### Records for the exercise
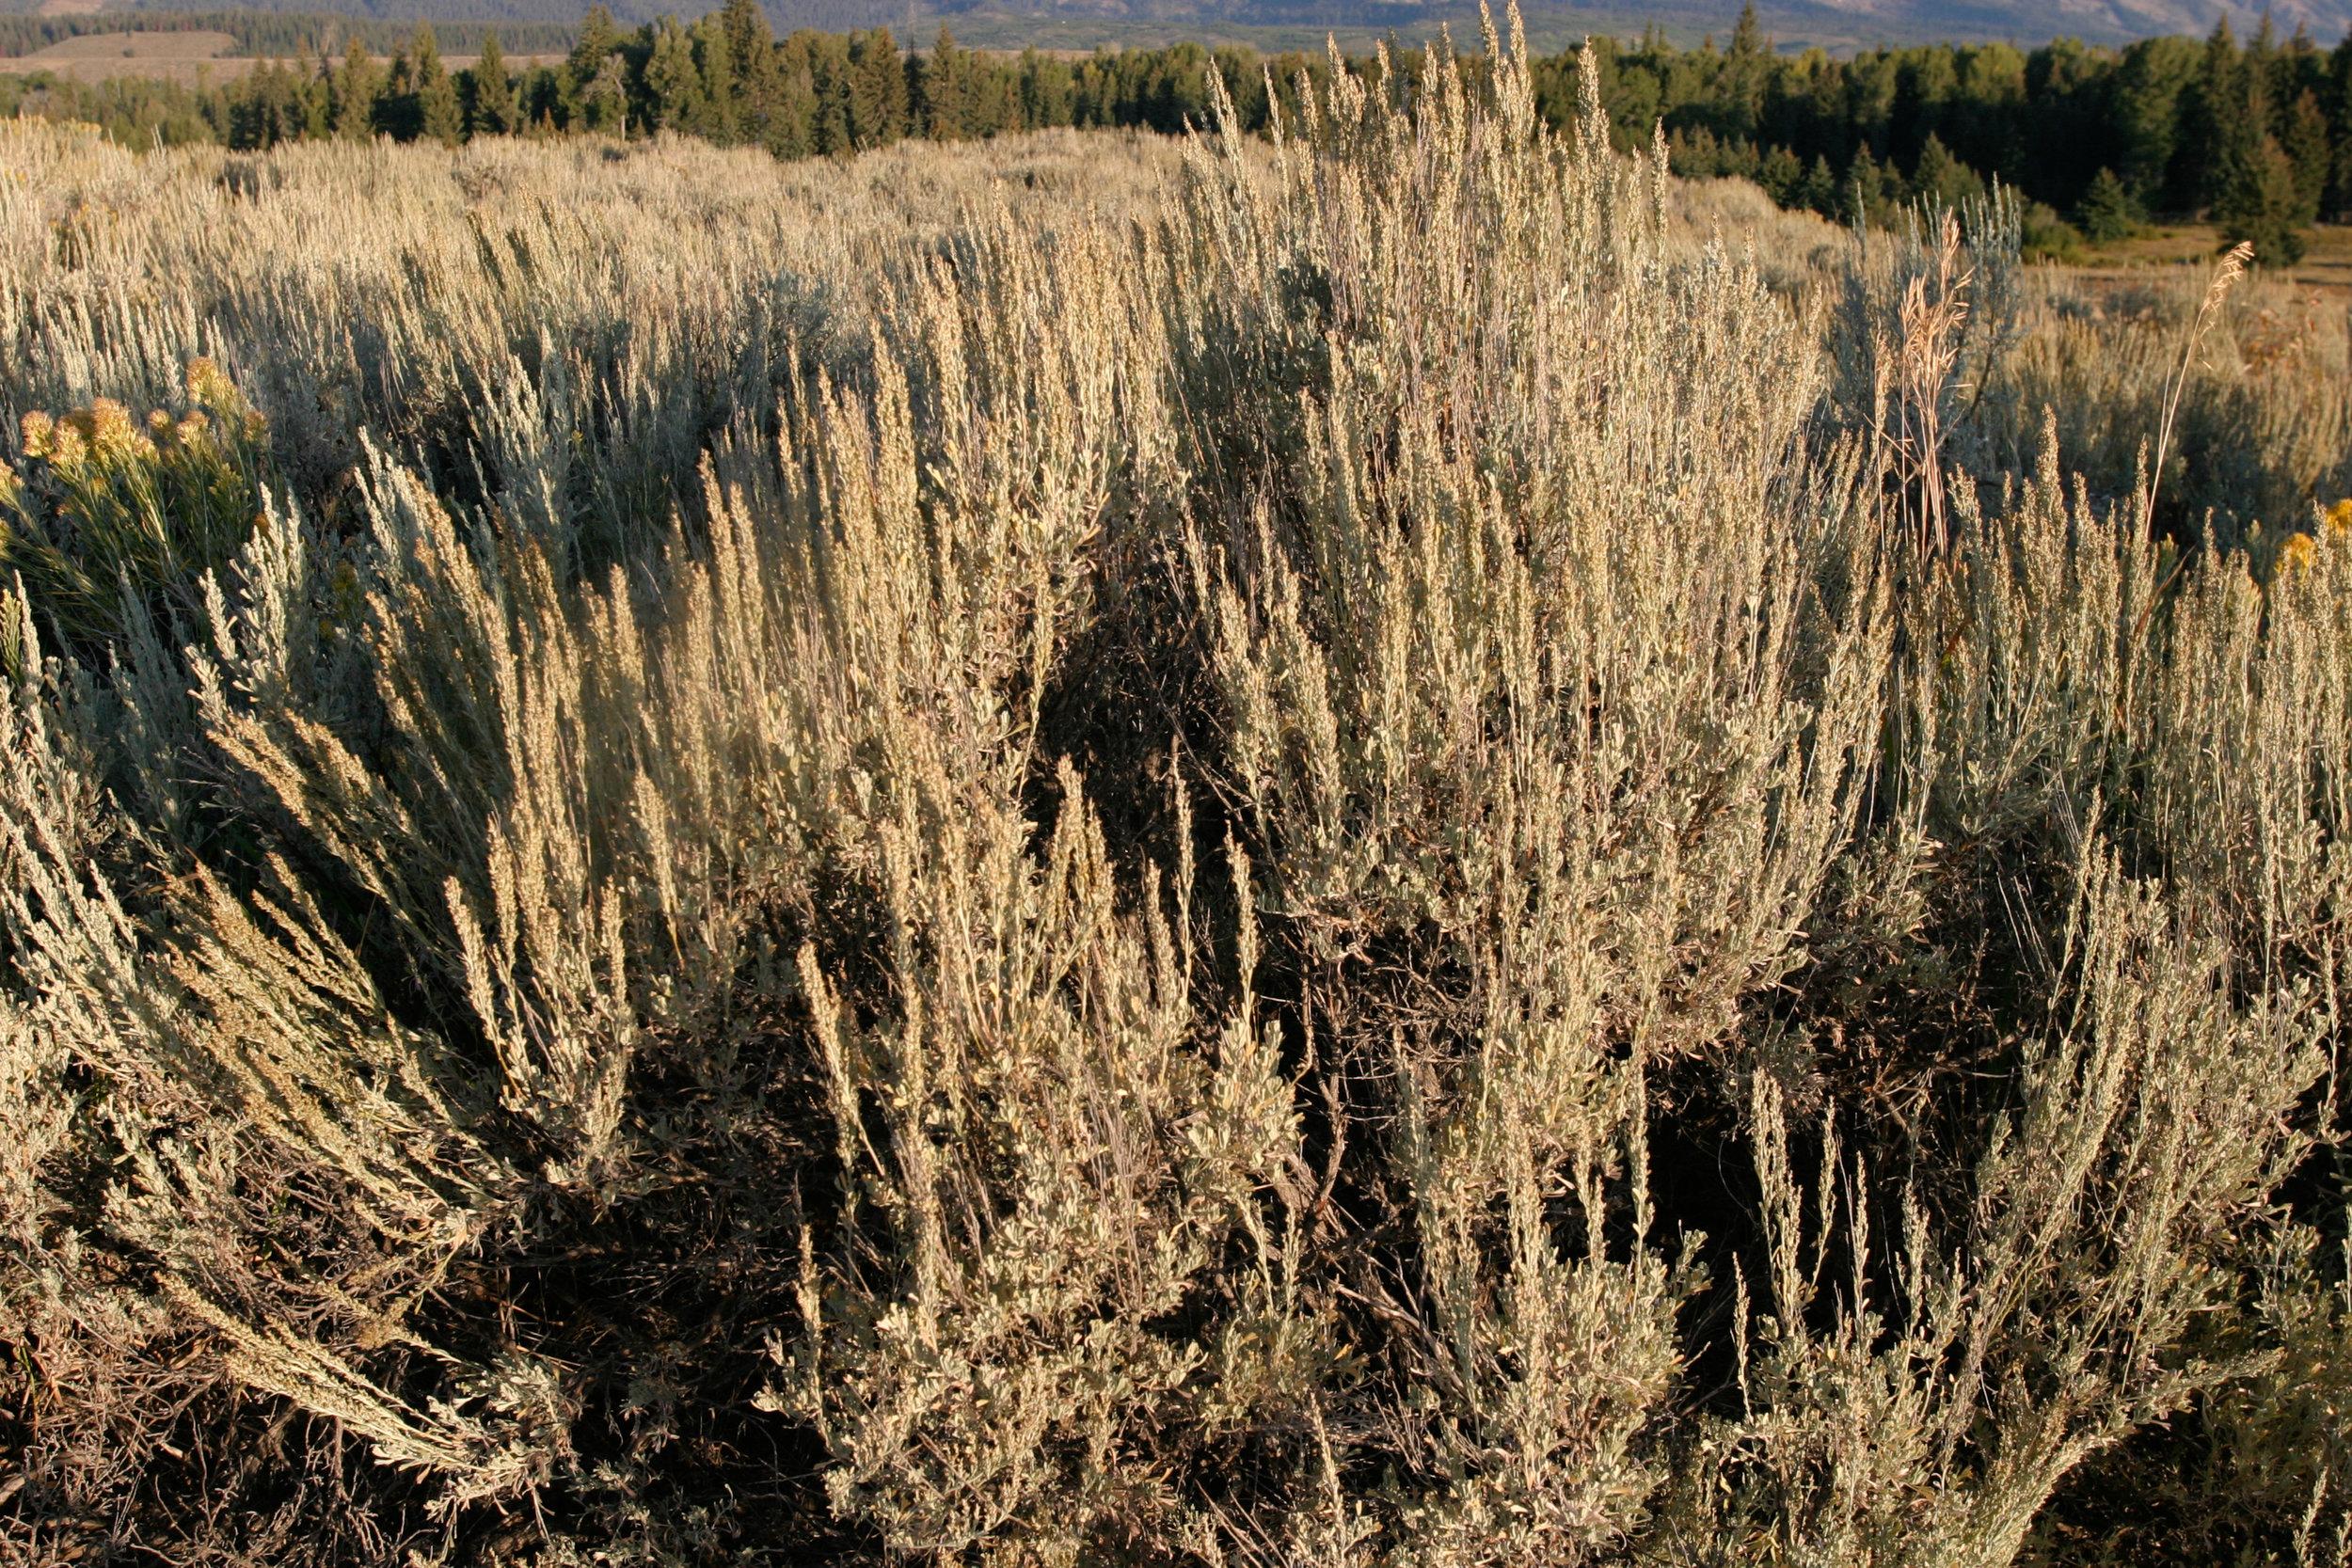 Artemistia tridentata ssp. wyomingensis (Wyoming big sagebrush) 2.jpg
* * *
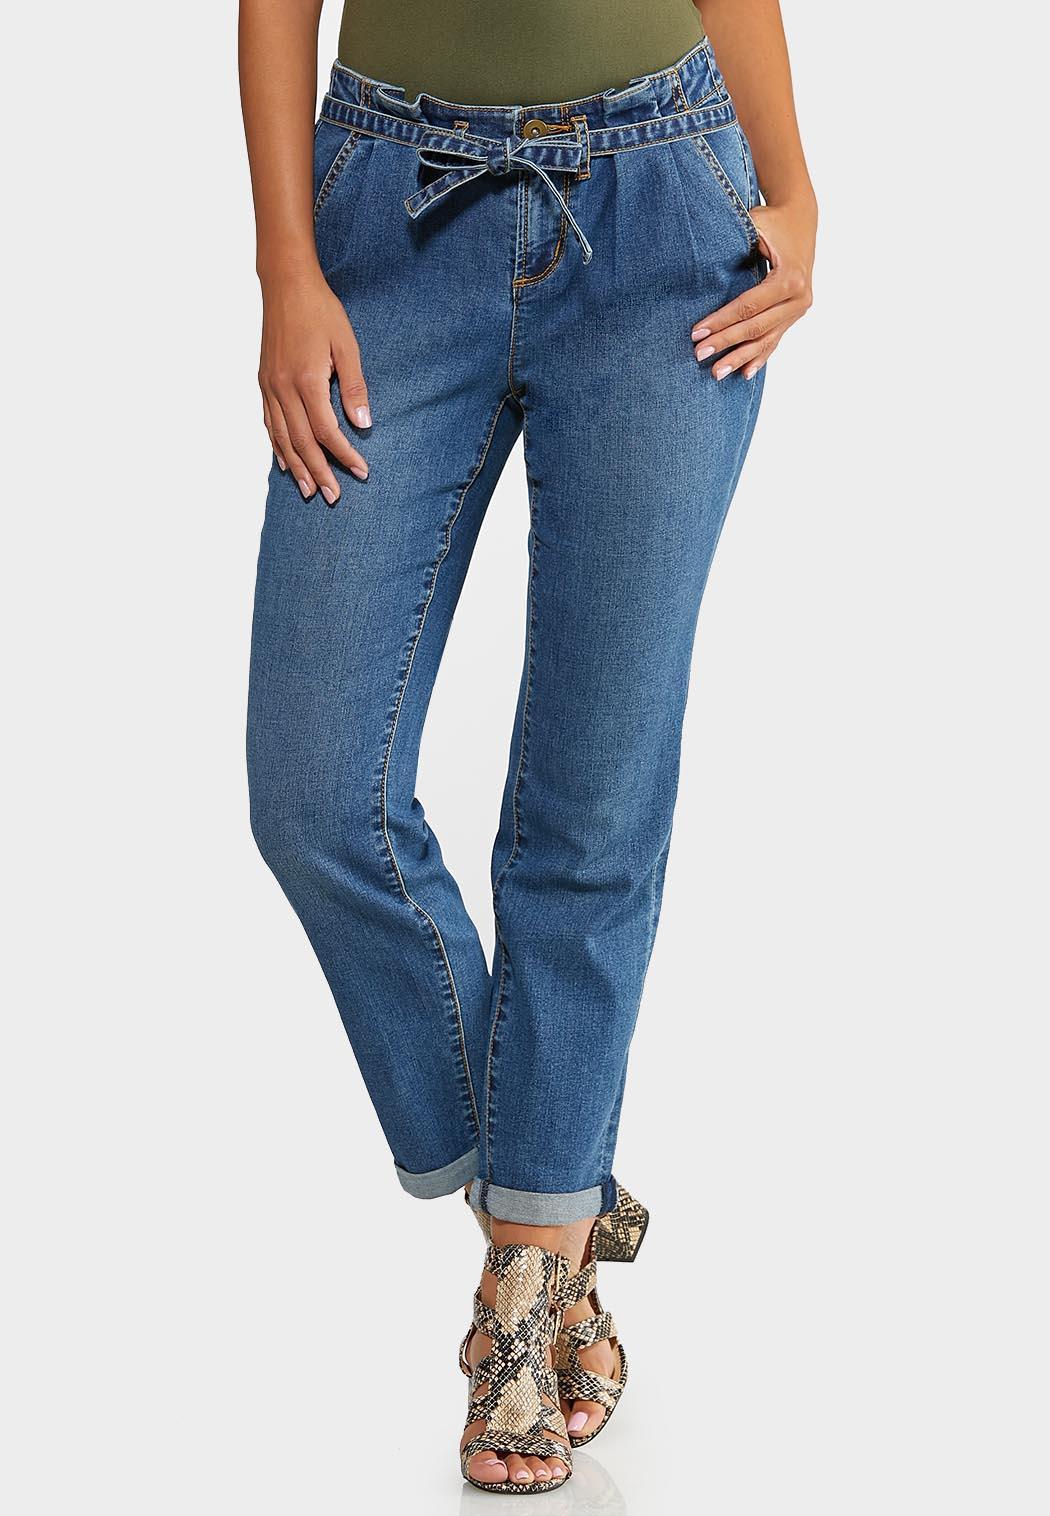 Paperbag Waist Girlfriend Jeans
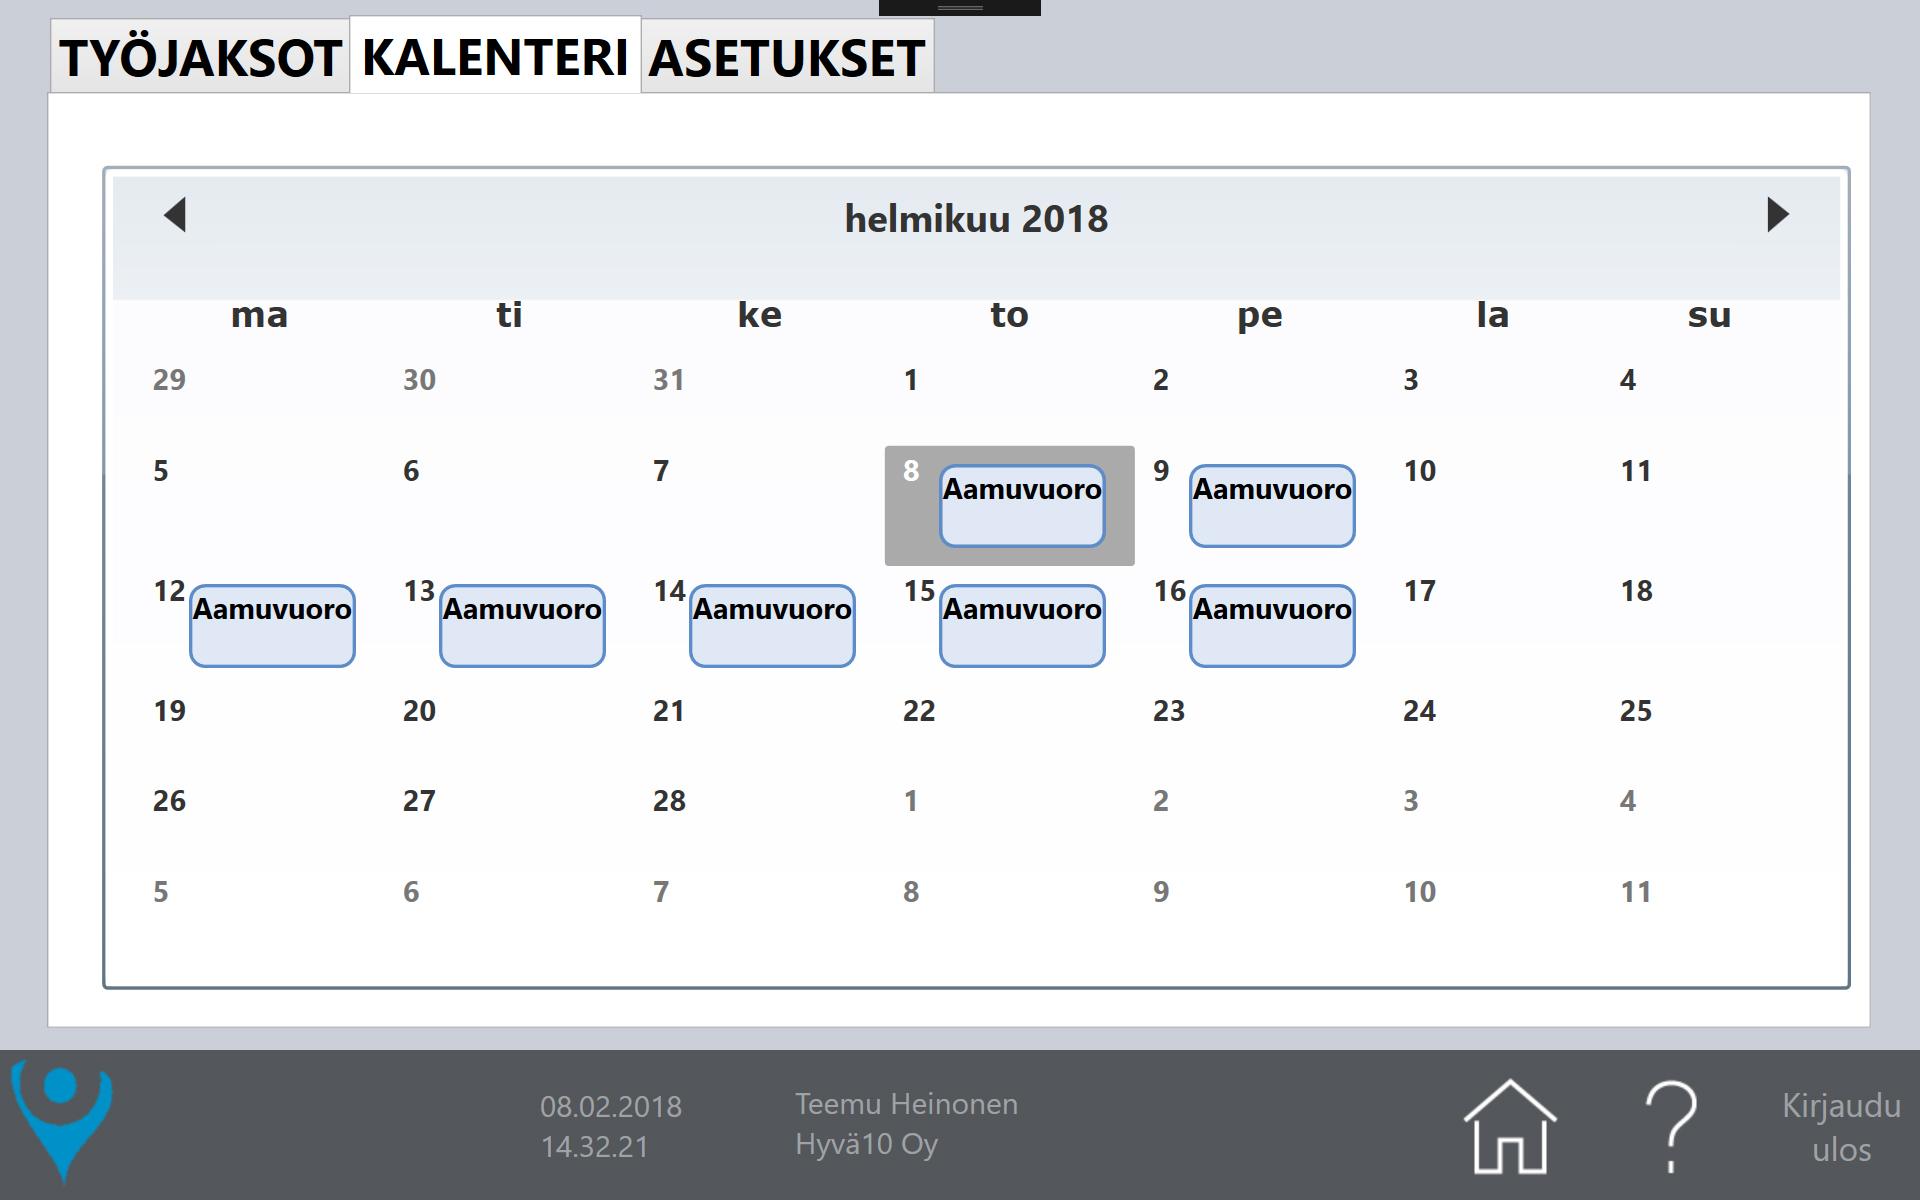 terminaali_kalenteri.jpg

### Activity
Using the entries above, transcribe every line from the line containing "Paperbag Waist Girlfriend Jeans" through the line containing "terminaali_kalenteri.jpg". Do not copy pictures.

### Exercise response
 Paperbag Waist Girlfriend Jeans
 terminaali_kalenteri.jpg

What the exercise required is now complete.